--- SUPPLIED MATERIAL Enclosed Below ---

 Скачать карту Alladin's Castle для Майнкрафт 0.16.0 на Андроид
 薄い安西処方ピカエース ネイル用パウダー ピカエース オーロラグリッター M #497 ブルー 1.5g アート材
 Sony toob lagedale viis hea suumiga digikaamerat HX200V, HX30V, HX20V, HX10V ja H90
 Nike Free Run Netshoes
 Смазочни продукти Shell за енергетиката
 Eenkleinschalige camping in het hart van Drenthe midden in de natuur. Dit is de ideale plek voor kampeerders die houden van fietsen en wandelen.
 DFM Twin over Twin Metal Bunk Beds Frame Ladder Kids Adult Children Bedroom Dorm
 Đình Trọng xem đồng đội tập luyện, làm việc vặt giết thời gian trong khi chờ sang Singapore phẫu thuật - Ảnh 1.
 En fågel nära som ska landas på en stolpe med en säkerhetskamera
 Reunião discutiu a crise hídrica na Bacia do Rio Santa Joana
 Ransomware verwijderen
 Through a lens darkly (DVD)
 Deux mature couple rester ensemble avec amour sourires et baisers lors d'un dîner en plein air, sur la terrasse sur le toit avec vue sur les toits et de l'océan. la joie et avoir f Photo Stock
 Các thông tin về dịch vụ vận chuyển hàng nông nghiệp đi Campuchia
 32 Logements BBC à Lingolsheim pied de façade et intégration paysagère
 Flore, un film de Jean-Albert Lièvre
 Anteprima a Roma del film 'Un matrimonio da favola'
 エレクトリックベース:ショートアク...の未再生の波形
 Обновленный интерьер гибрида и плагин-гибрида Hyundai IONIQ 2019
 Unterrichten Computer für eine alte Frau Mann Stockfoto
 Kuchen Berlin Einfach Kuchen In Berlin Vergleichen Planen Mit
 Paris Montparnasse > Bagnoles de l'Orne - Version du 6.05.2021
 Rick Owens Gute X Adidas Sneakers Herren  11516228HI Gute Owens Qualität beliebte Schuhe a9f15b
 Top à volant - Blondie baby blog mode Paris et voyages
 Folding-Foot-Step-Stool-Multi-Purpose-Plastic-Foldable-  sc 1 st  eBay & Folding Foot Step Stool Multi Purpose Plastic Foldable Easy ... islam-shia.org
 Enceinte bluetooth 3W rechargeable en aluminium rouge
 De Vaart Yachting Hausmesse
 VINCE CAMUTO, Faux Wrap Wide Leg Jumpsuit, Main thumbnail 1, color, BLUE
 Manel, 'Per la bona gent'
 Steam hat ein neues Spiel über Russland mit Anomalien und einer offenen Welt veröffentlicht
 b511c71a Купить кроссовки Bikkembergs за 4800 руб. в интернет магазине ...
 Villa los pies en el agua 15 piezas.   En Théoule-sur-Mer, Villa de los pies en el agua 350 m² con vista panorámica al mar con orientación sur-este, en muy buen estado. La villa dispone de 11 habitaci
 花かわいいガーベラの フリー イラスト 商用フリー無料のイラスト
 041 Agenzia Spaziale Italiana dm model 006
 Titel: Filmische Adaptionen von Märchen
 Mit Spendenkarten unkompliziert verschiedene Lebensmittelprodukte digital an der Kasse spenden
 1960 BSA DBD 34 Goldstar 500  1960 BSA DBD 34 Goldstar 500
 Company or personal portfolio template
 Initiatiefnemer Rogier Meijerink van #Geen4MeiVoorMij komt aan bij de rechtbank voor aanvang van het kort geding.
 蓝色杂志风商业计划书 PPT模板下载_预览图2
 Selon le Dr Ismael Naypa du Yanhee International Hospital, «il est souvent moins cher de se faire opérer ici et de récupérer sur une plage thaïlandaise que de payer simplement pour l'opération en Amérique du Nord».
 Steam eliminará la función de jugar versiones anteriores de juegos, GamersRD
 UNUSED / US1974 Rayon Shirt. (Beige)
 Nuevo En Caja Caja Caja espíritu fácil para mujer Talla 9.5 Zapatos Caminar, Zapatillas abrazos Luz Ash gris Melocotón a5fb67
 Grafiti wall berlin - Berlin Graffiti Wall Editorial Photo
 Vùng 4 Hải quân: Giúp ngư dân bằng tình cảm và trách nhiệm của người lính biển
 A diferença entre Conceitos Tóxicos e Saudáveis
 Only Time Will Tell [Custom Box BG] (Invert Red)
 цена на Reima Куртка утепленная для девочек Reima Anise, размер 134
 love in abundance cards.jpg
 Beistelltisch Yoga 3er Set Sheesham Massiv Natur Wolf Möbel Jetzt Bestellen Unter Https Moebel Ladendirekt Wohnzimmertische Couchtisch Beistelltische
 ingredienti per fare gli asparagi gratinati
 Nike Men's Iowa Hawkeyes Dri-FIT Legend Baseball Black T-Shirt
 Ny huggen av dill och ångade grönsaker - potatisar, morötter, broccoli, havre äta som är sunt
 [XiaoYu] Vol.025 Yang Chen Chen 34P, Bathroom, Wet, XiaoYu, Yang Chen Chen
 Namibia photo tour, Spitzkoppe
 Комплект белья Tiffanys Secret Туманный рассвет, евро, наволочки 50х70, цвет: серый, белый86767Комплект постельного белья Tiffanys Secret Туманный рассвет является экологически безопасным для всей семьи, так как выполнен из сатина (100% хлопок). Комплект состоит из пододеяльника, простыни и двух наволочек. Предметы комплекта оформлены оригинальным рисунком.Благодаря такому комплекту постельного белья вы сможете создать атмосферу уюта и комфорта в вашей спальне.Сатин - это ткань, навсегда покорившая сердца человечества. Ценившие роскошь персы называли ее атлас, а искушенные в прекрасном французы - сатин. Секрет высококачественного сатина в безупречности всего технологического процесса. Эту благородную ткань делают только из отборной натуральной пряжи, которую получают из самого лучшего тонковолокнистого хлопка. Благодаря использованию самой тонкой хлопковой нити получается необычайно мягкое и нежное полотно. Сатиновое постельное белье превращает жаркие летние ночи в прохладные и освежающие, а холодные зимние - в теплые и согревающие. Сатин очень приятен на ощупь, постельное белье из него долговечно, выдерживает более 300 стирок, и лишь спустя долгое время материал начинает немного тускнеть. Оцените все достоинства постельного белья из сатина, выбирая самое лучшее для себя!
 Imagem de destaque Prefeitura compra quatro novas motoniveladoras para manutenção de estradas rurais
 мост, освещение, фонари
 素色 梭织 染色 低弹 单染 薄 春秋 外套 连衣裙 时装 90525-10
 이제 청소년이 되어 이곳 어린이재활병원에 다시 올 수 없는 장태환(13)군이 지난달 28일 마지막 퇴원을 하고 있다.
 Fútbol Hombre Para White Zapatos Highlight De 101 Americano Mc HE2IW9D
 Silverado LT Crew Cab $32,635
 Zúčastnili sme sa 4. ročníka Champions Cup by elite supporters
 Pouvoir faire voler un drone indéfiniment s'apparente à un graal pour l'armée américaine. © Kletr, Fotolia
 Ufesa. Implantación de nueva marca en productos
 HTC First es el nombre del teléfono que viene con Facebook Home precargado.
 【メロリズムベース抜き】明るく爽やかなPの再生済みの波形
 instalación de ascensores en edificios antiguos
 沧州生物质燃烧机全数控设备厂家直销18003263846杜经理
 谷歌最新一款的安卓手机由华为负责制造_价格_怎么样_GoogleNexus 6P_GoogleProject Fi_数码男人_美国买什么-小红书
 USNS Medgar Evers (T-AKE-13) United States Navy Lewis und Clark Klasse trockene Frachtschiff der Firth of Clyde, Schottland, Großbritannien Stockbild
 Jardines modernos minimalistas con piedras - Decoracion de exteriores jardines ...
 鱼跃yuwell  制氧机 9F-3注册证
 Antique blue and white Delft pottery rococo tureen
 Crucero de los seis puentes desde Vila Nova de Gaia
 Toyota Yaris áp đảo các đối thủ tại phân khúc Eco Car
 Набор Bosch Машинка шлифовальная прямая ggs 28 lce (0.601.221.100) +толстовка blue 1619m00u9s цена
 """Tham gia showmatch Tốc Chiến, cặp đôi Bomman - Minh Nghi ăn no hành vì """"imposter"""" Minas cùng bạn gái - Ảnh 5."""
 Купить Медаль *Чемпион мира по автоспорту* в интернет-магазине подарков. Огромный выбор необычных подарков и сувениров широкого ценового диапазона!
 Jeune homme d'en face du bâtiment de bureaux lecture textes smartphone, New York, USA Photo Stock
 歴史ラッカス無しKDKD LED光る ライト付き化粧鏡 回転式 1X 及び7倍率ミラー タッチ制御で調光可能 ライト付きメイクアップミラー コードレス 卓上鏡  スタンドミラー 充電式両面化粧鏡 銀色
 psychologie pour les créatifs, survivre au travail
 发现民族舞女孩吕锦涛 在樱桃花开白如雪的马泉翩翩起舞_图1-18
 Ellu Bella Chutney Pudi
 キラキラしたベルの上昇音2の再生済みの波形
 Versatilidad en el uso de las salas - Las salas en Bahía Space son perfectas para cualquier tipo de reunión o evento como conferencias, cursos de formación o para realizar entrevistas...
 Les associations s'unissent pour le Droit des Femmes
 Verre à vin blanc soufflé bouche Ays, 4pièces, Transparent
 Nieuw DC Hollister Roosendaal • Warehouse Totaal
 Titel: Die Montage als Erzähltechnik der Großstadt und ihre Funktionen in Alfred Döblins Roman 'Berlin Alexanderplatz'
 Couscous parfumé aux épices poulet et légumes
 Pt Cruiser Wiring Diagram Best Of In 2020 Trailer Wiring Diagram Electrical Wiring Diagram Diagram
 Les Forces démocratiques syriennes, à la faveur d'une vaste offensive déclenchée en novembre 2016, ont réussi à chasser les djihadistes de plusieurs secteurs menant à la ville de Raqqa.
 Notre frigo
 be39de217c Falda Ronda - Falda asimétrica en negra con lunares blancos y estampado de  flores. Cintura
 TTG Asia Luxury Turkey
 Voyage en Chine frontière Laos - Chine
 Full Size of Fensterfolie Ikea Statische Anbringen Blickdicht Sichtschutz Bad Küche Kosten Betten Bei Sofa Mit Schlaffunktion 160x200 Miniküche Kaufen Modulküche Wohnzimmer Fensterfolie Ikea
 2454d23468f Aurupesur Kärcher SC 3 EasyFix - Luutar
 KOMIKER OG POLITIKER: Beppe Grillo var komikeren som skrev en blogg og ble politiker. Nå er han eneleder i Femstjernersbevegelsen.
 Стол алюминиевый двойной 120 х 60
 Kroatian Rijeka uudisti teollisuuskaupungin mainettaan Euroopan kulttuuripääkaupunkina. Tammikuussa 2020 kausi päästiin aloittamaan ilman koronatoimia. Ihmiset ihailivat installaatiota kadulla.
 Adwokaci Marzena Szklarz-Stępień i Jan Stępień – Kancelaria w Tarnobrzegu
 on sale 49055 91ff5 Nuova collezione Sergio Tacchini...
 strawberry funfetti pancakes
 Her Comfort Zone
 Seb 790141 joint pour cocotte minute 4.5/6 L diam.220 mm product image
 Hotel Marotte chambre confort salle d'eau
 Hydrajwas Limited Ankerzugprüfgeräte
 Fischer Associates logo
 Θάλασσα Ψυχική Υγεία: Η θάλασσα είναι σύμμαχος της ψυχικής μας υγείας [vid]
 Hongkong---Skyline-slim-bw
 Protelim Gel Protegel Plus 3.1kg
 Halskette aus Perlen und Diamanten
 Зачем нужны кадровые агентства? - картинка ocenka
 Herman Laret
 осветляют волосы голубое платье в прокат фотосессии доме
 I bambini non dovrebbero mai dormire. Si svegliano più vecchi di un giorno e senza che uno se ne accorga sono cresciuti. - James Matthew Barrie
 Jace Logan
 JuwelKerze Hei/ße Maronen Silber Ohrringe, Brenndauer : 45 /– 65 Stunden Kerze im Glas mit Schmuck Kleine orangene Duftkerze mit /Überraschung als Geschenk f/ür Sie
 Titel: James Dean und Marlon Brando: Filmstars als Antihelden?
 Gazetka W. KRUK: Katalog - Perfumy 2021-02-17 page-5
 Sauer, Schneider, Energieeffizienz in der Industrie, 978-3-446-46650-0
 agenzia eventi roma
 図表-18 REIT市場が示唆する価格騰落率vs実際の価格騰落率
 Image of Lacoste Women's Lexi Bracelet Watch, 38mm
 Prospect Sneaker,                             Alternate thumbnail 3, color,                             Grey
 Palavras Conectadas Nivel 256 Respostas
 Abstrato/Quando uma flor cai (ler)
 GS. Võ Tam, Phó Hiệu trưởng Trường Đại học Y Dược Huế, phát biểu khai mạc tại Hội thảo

--- End of Enclosed SUPPLIED MATERIAL ---

* [WHAT IS EXPECTED]
Taking the records above, retype every line from the one with "Nuevo En Caja" down to the one with "Namibia photo tour, Spitzkoppe", exactly and with nothing else.

* [EXERCISE SOLUTION]
 Nuevo En Caja Caja Caja espíritu fácil para mujer Talla 9.5 Zapatos Caminar, Zapatillas abrazos Luz Ash gris Melocotón a5fb67
 Grafiti wall berlin - Berlin Graffiti Wall Editorial Photo
 Vùng 4 Hải quân: Giúp ngư dân bằng tình cảm và trách nhiệm của người lính biển
 A diferença entre Conceitos Tóxicos e Saudáveis
 Only Time Will Tell [Custom Box BG] (Invert Red)
 цена на Reima Куртка утепленная для девочек Reima Anise, размер 134
 love in abundance cards.jpg
 Beistelltisch Yoga 3er Set Sheesham Massiv Natur Wolf Möbel Jetzt Bestellen Unter Https Moebel Ladendirekt Wohnzimmertische Couchtisch Beistelltische
 ingredienti per fare gli asparagi gratinati
 Nike Men's Iowa Hawkeyes Dri-FIT Legend Baseball Black T-Shirt
 Ny huggen av dill och ångade grönsaker - potatisar, morötter, broccoli, havre äta som är sunt
 [XiaoYu] Vol.025 Yang Chen Chen 34P, Bathroom, Wet, XiaoYu, Yang Chen Chen
 Namibia photo tour, Spitzkoppe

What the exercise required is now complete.